What to Know before Investing in Digital Currencies


Bitcoin and other virtual currencies have been on the rise this year, surpassing the returns seen in stocks, bonds and most other investments. No wonder many investors are wondering if it is worth their money especially with the gradual rise in value. Digital currencies first emerged about 10 years ago and do not necessarily have a physical form, unlike coins or notes but no doubt that they have made headlines globally, some started as digital currencies while some have evolved to involve investment schemes. The question of should I go all in may be in your heart, however before you rush in, you should heed the advice of experts who are asking investors to understand the potential and future risks of these currencies.

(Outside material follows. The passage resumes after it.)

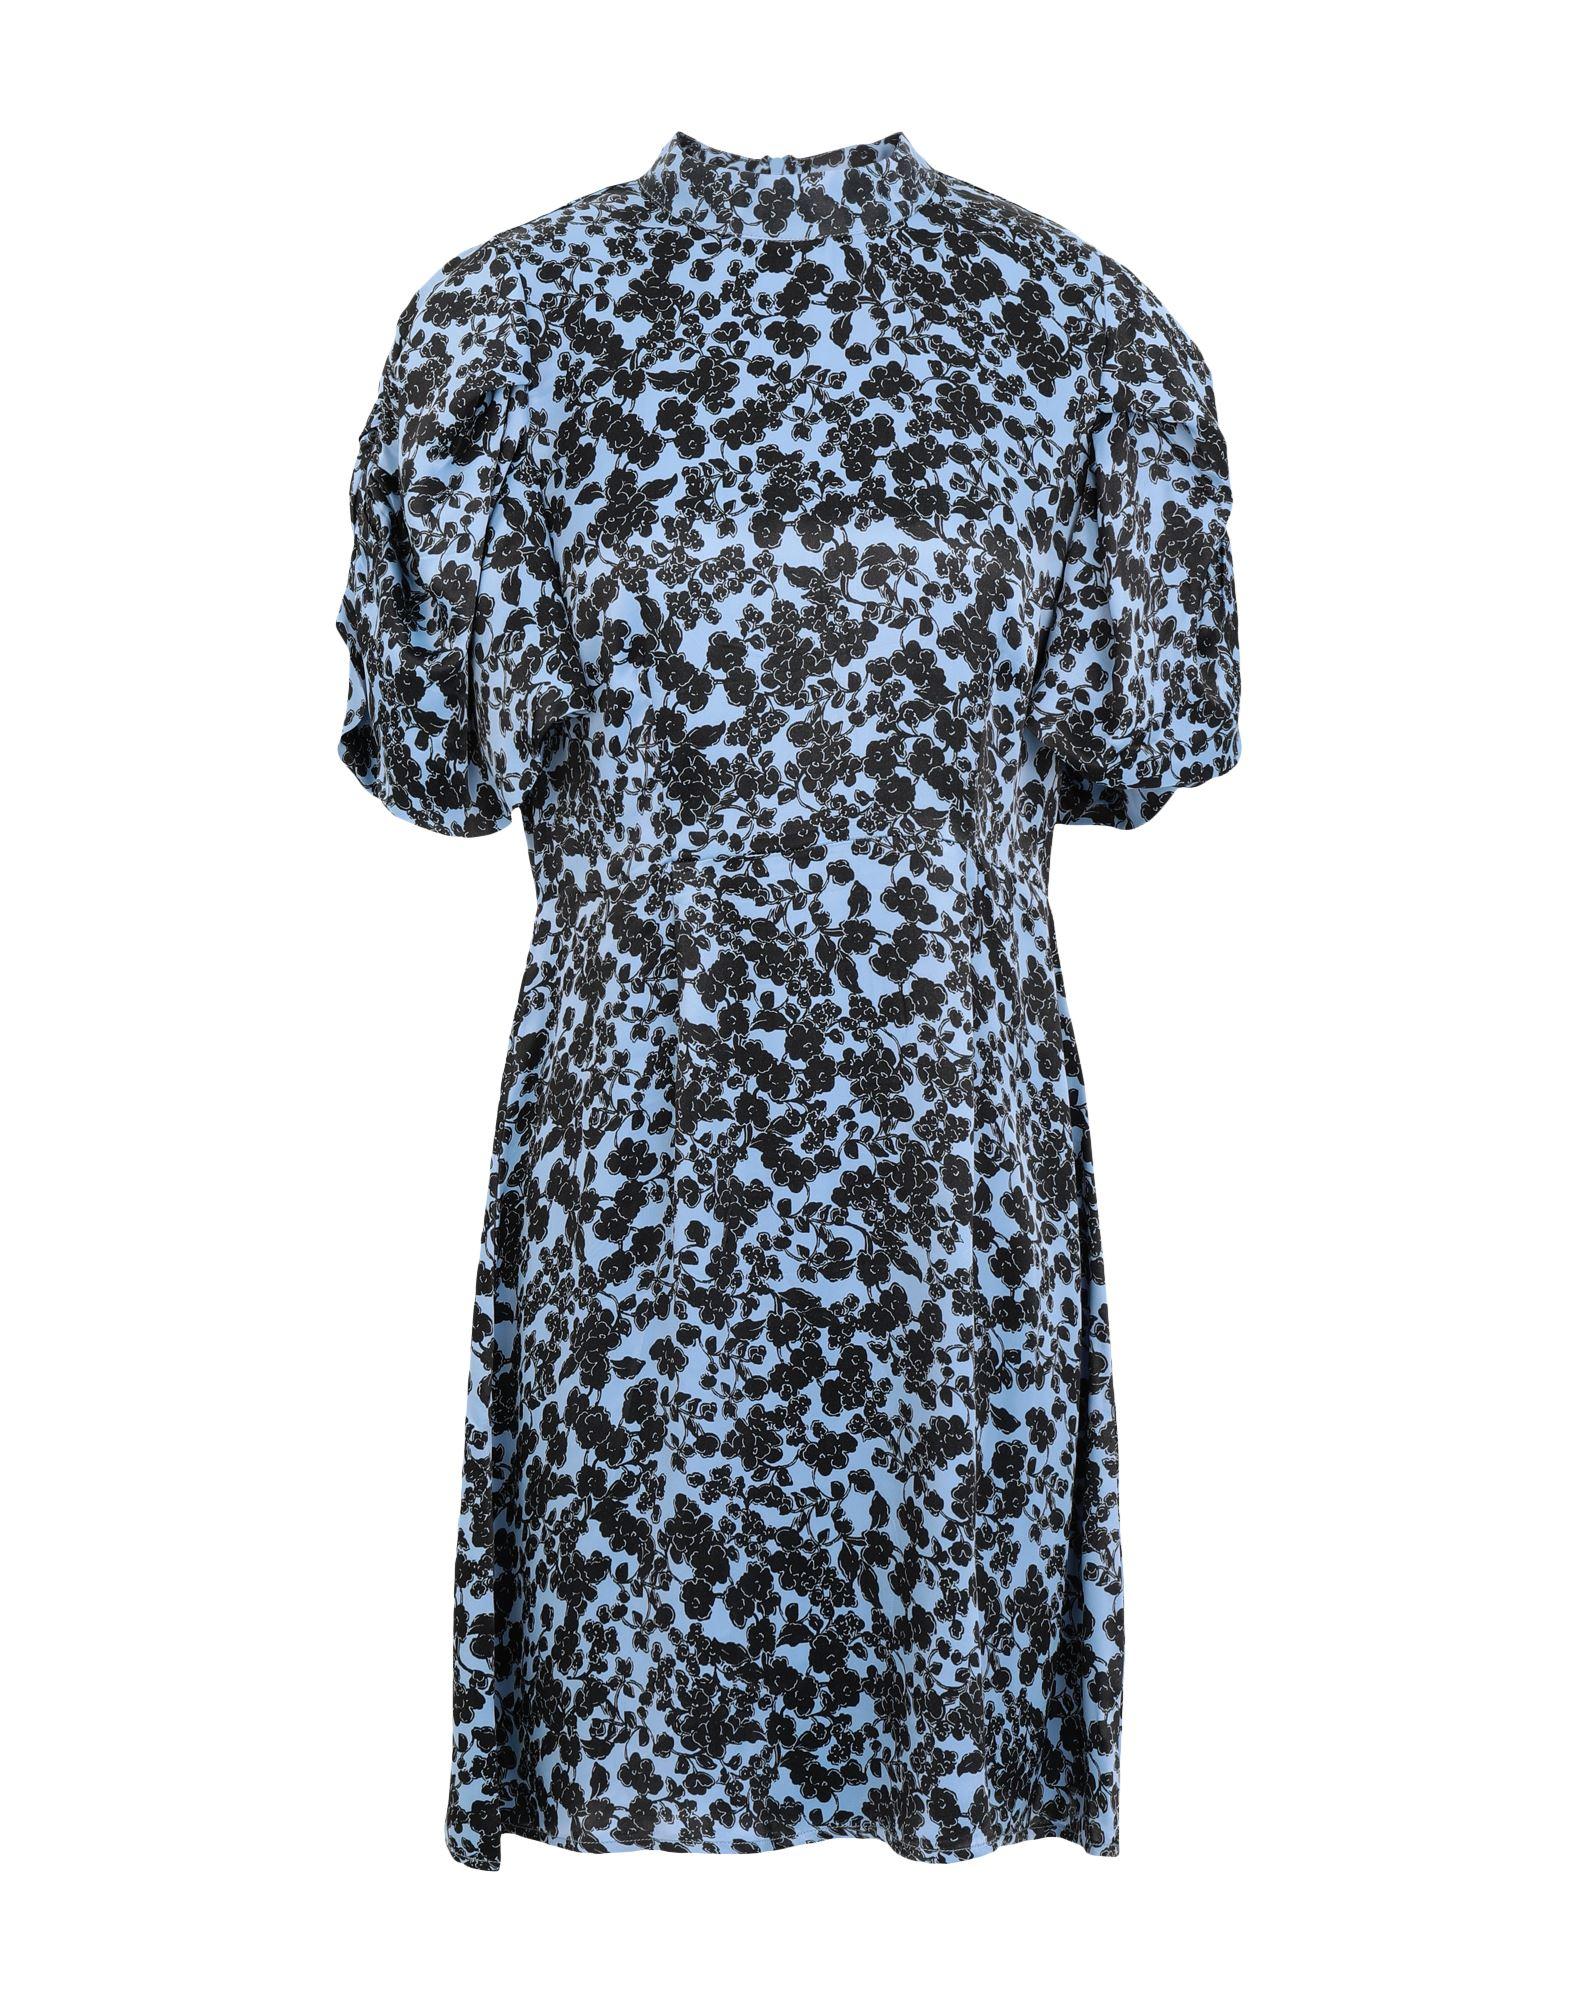 VERO MODA Короткое платье фото

It is true that the price of bitcoin has tripled since the beginning of the year, surging above $3,000, the amount of cash in virtual currencies has ballooned. The market cap for cryptocurrencies has definitely increased according to a cryptocurrency tracker , but some experts say the rising prices of these cryptocurrencies may be based on speculation.

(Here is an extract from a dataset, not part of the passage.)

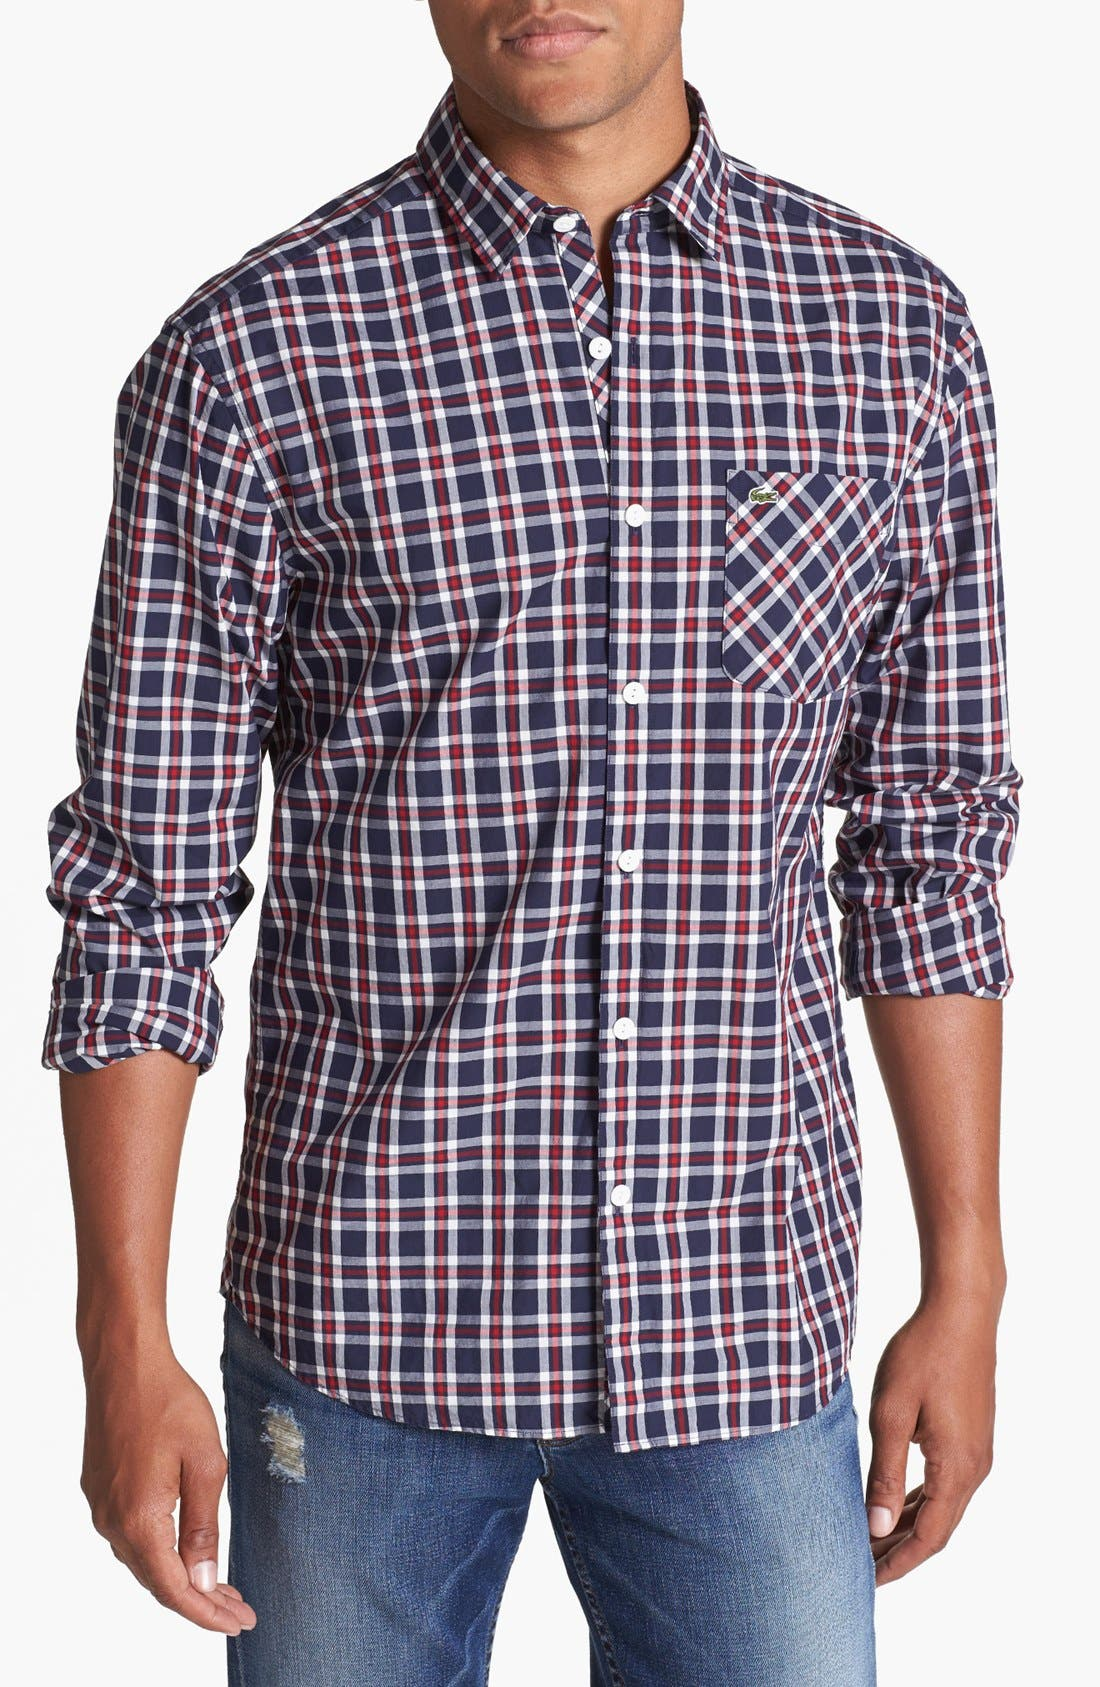 Alternate Image 1 Selected - Lacoste Slim Fit Plaid Shirt

Investors are focusing on what they think the digital currency will be worth in the future — and not on how they are being used today. Because the market for cryptocurrencies is still small, the price of these digital currencies can swing wildly up or down. The valuation of digital tokens is usually not transparent, and is highly speculative. Transparency could be limited as there might be little publicly available information that could help you gauge the fair value of these currencies.

Beware of investment schemes involving digital currency that promise high returns. The higher the promised returns, the higher the risks. There is a high risk that you could lose a portion or your entire investment amount. In the worst-case scenario, the digital currency could be rendered worthless.